You are asked to reproduce the listing exactly and to omit its pictures.

→ **Recorded data**:

=======

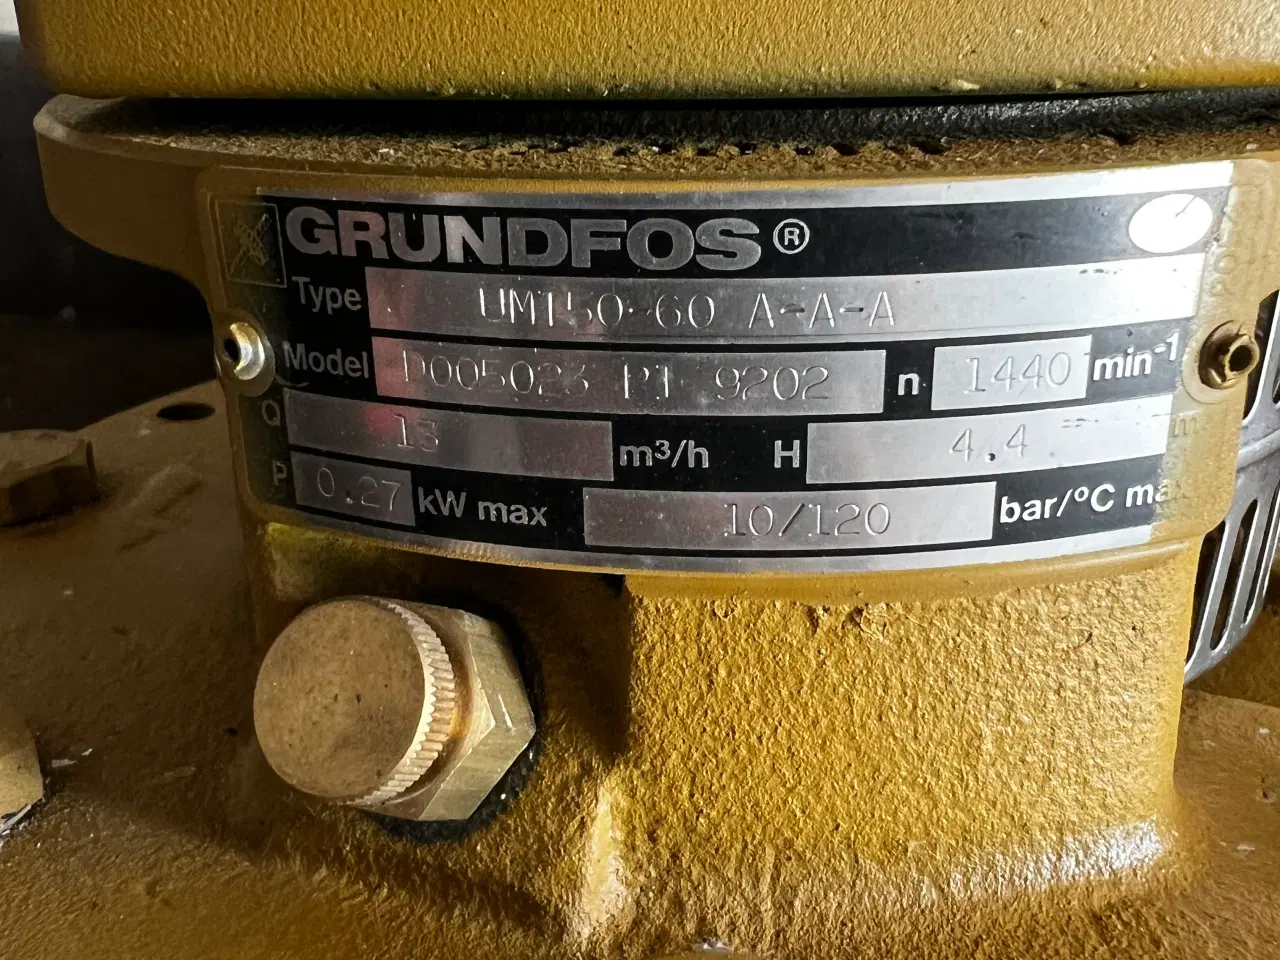 Billede 2 - Grunfos grundfos umt 50-60 a-a-a model d005023
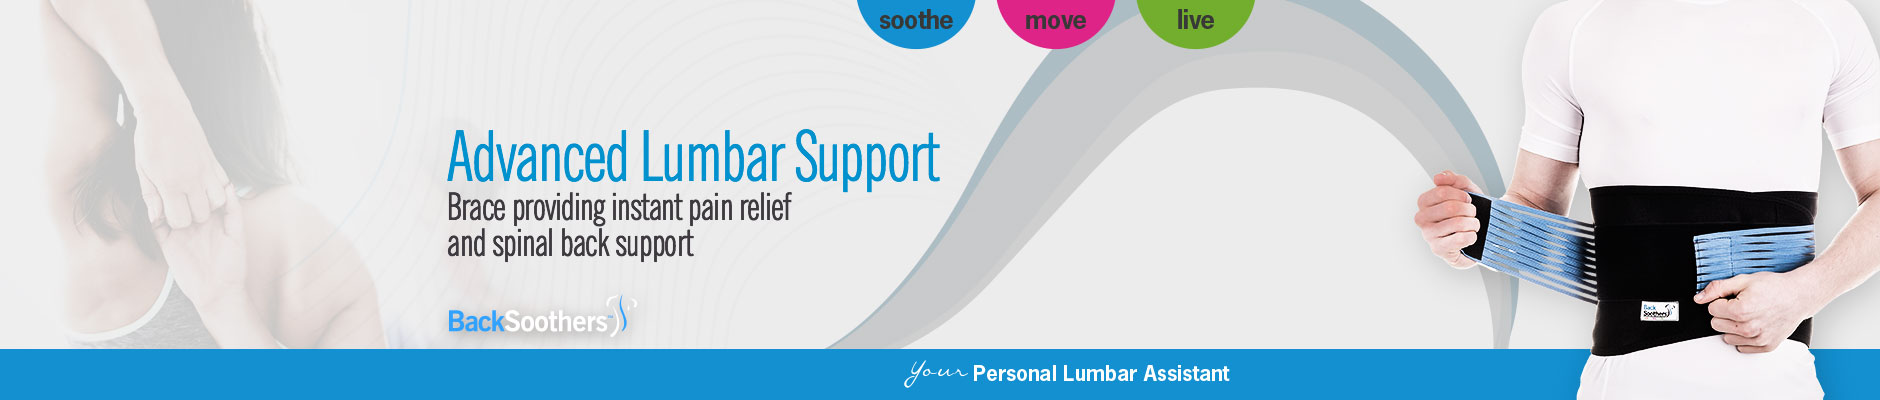 Advanced Lumbar Support
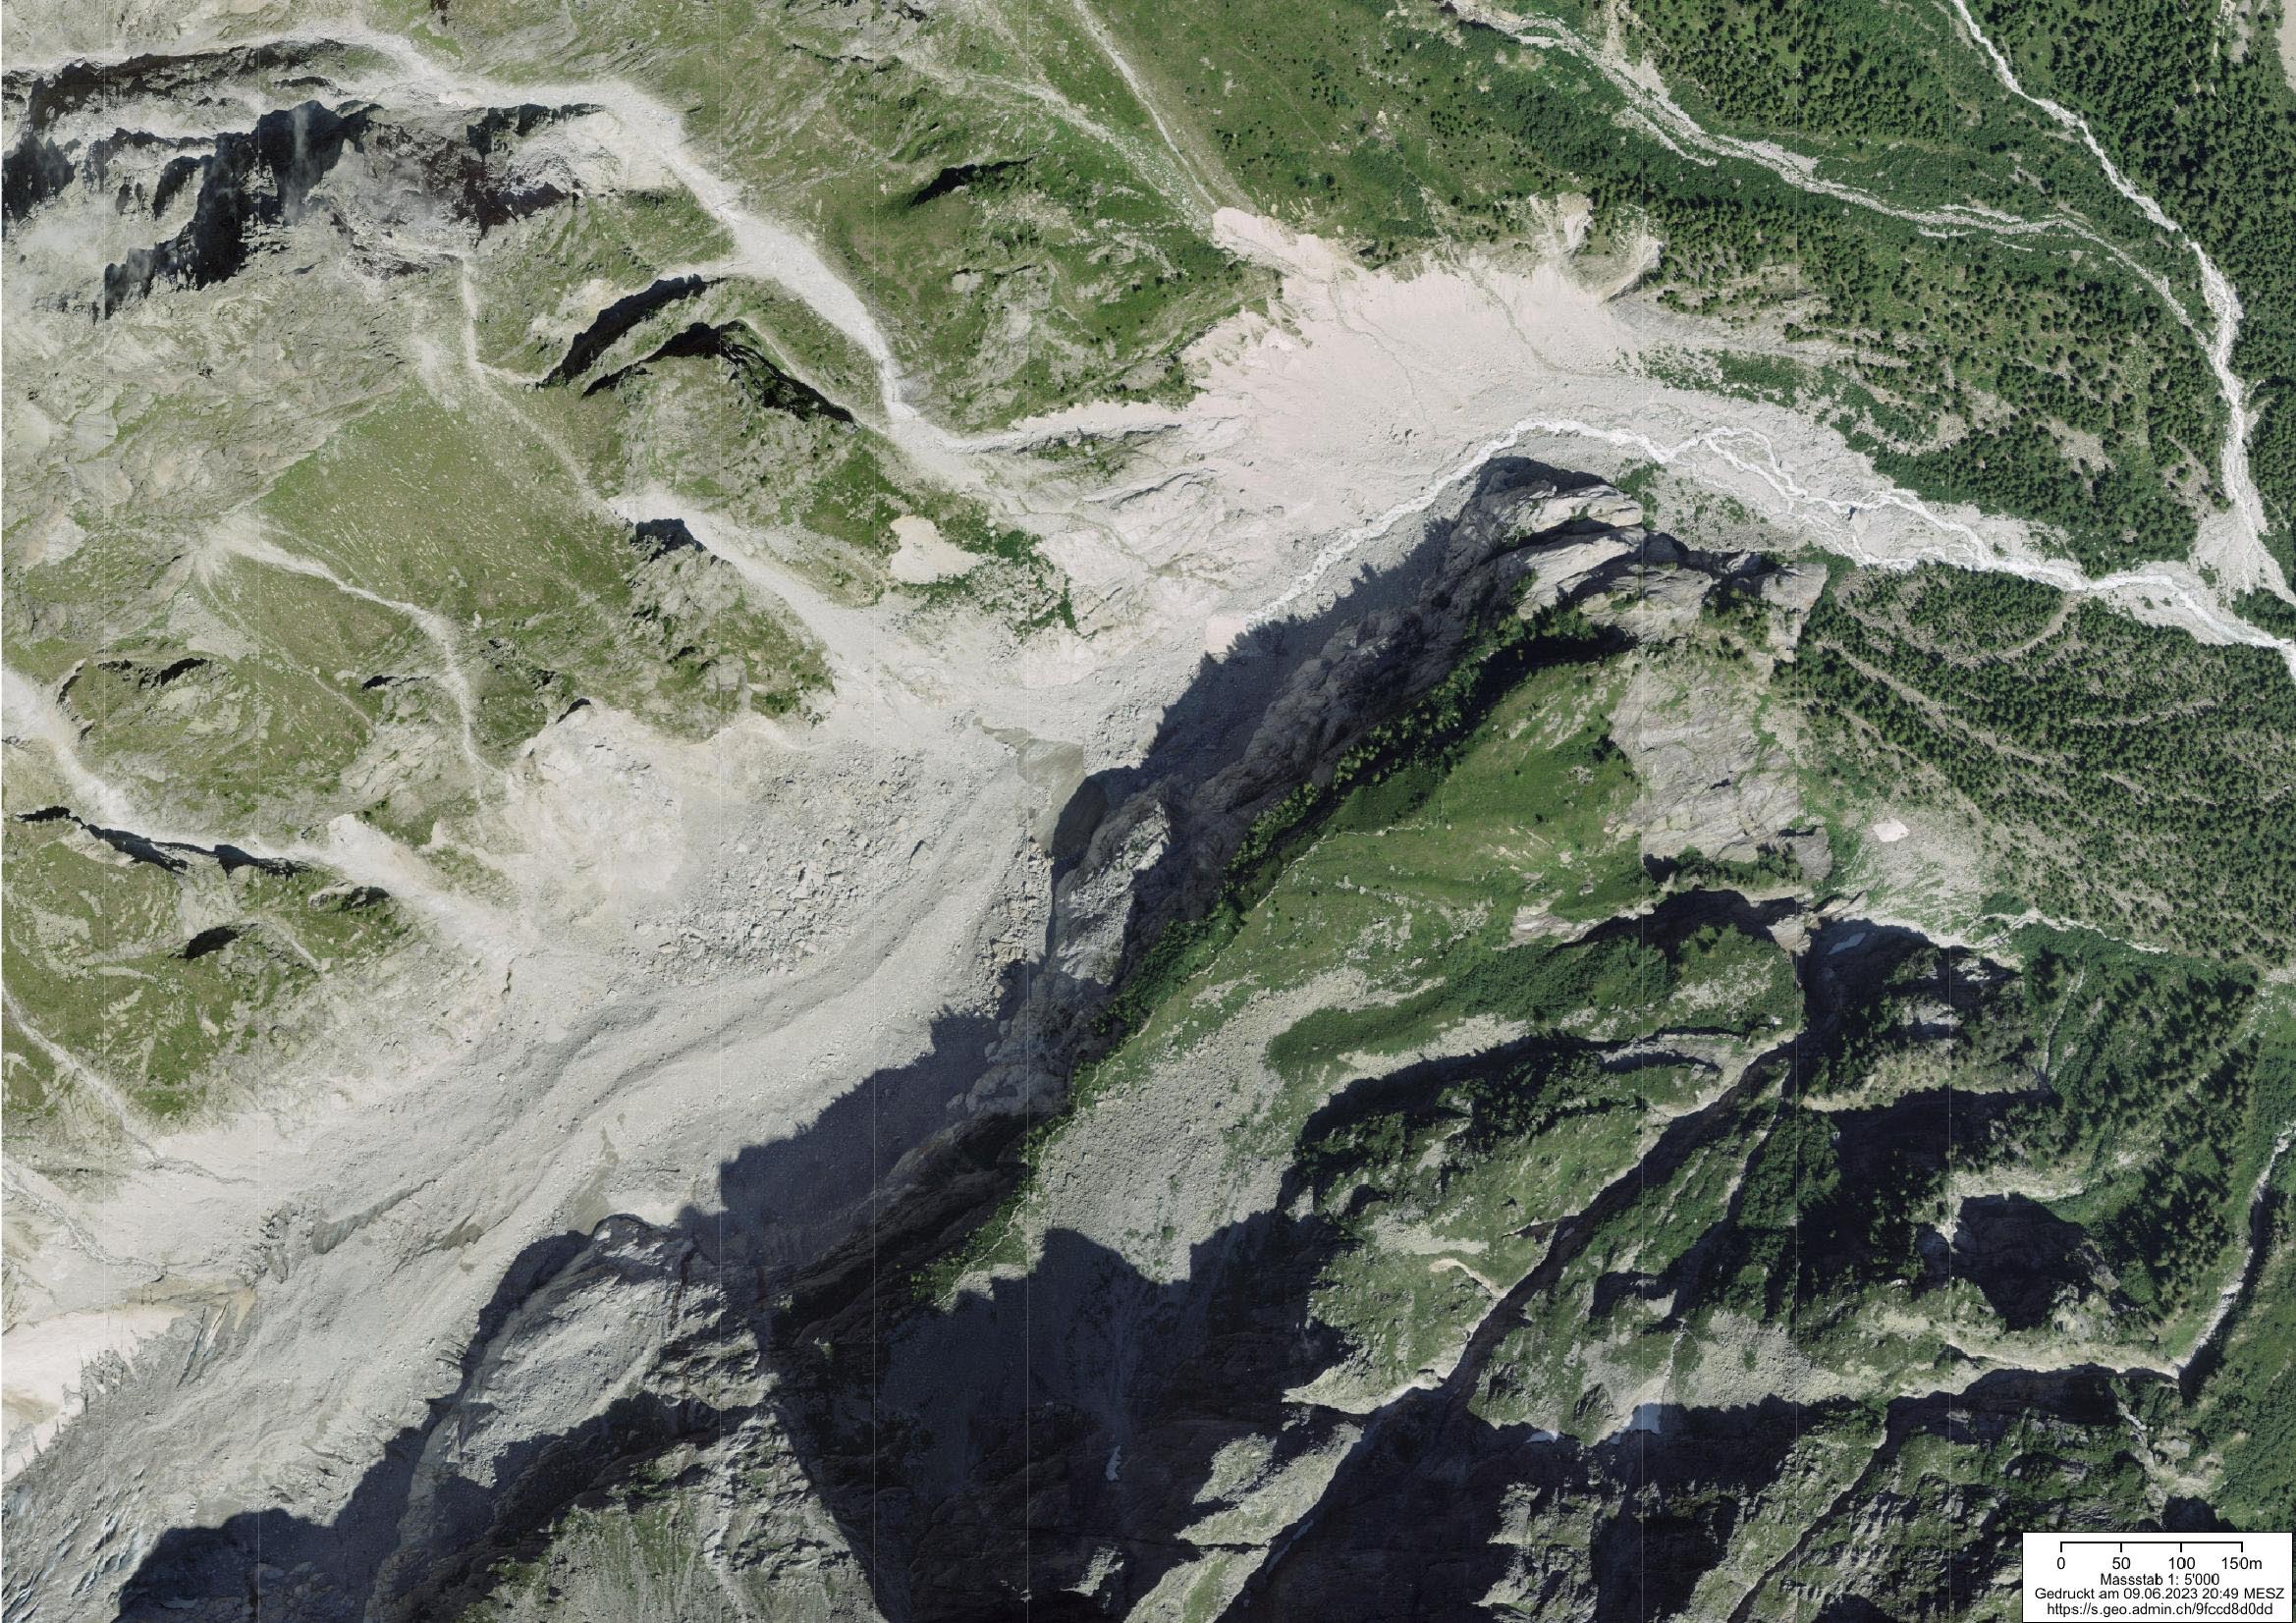 De tong van de Glacier de Saleinaz in 1988 (links) en 2020. Bron: swisstopo Zeitreise.

=======

→ **Written response**:
 Billede 2 - Grunfos grundfos umt 50-60 a-a-a model d005023
 Advanced Lumbar Support
 De tong van de Glacier de Saleinaz in 1988 (links) en 2020. Bron: swisstopo Zeitreise.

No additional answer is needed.